WAAAAY Too good; Excellent job Zilla!!! 

Tom


----------



## blue55conv (May 23, 2007)

slotcarman12078 said:


> Try clicking the "youtube" button on the bottom of the video. It'll open in a new tab directly on youtube. If that doesn't help, then it's probably a setting in your computer, or you need to update your flash player. Try a different video there and see if it's just that video.


All imbedded YouTube videos work the same for me. I can hear the audio, but the screen is white.

I went to YouTube and found the video. It is hilarious. There was another one where he doesn't crash. Maybe that is the politically correct version. Then there is a short one where the neighbor thinks the controller is a watering hose. Nice stuff.


----------



## Joe65SkylarkGS (Feb 15, 2010)

Too freaking funny!!!!!:freak:


----------



## alpink (Aug 22, 2010)

is it an ad for lottery?
too funny


----------



## Crimnick (May 28, 2006)

alpink said:


> is it an ad for lottery?
> too funny


Yes it is...both counts.


----------



## 1976Cordoba (Sep 20, 2000)

Hahaha - cool


----------



## sethndaddy (Dec 4, 2004)

brownie374 said:


> I like the pile of cars on the corner,like me when I am practicing


I thought it was Honda's track.


----------



## honda27 (Apr 17, 2008)

*video*

sry ed its not my track. I watched it 6 or 7 times lmao that's how he drives lol sry joe I had to.


----------



## foxkilo (Mar 27, 2008)

Come thing of it, reckon its time for another invention.

The slotted child short slotkid.

No longer losing kits on the street or in malls no there are right there were one expects them. 

Okay, creativity on the side of the kids is ever so slightly restricted but imagine the gain for the parents.

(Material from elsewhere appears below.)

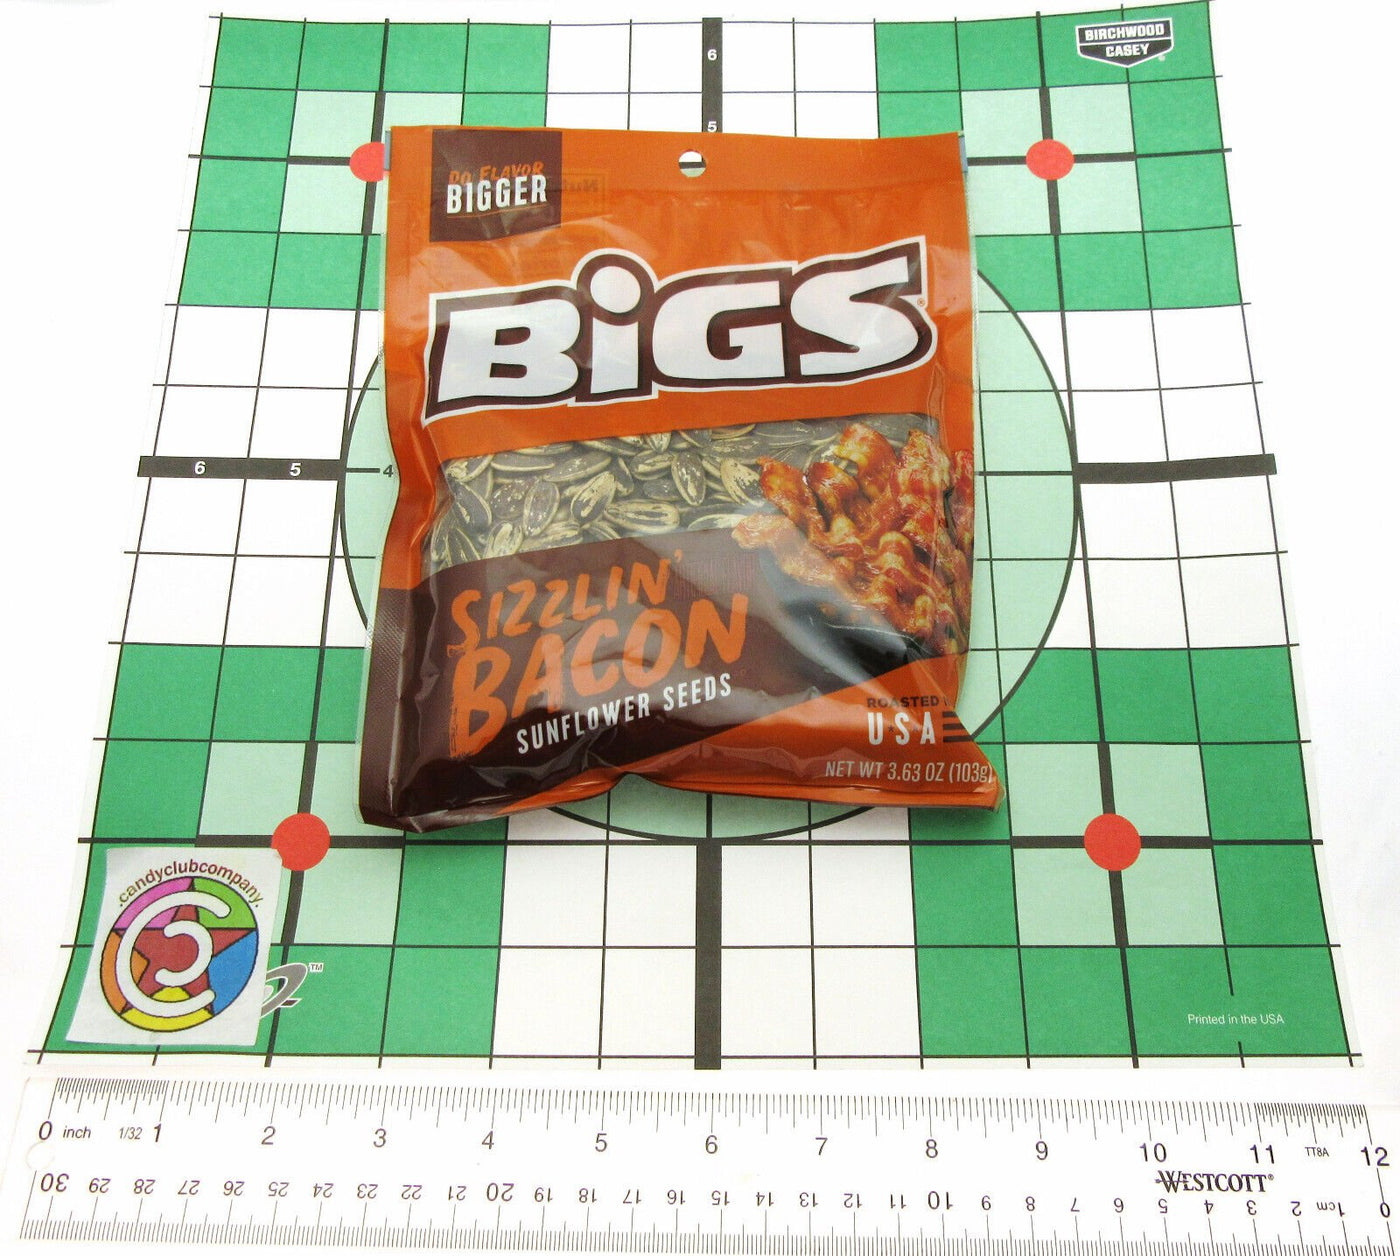 Bigs Sizzlin' Bacon Sunflower Seeds 3.63oz bag Seasoning Snack Food! ~ Lot of 2

The idea has to be worked on in more detail before its finalized and put in production. You know all this legal matters etc. But we will get there. Promised.

Mario


----------



## slotcarman12078 (Oct 3, 2008)

Honda's right, sort of. When I used L&J, any magnet type cars would be stuck so well to the track due to high rail height, that I would have to give them so much controller just to get them to move they'd go from sitting to flying off the first curve they encountered. :lol:


----------



## leonus (Dec 17, 2013)

Very funny, thanks for sharing that


----------



## [email protected] (Jan 31, 2010)




----------



## SplitPoster (May 16, 2006)

+++1+++ I think putting a big field next to "the curve" is a great idea. You know who you are.


----------



## bobhch (Apr 22, 2007)

[email protected],

HAHAHAHAHAHHAHAHA...something is wrong with the hose...hahahahaha

Man I have not searched for other SLOT CAR MAN videos but, it seems like I need to.

Bob...thanks for the laugh...zilla


----------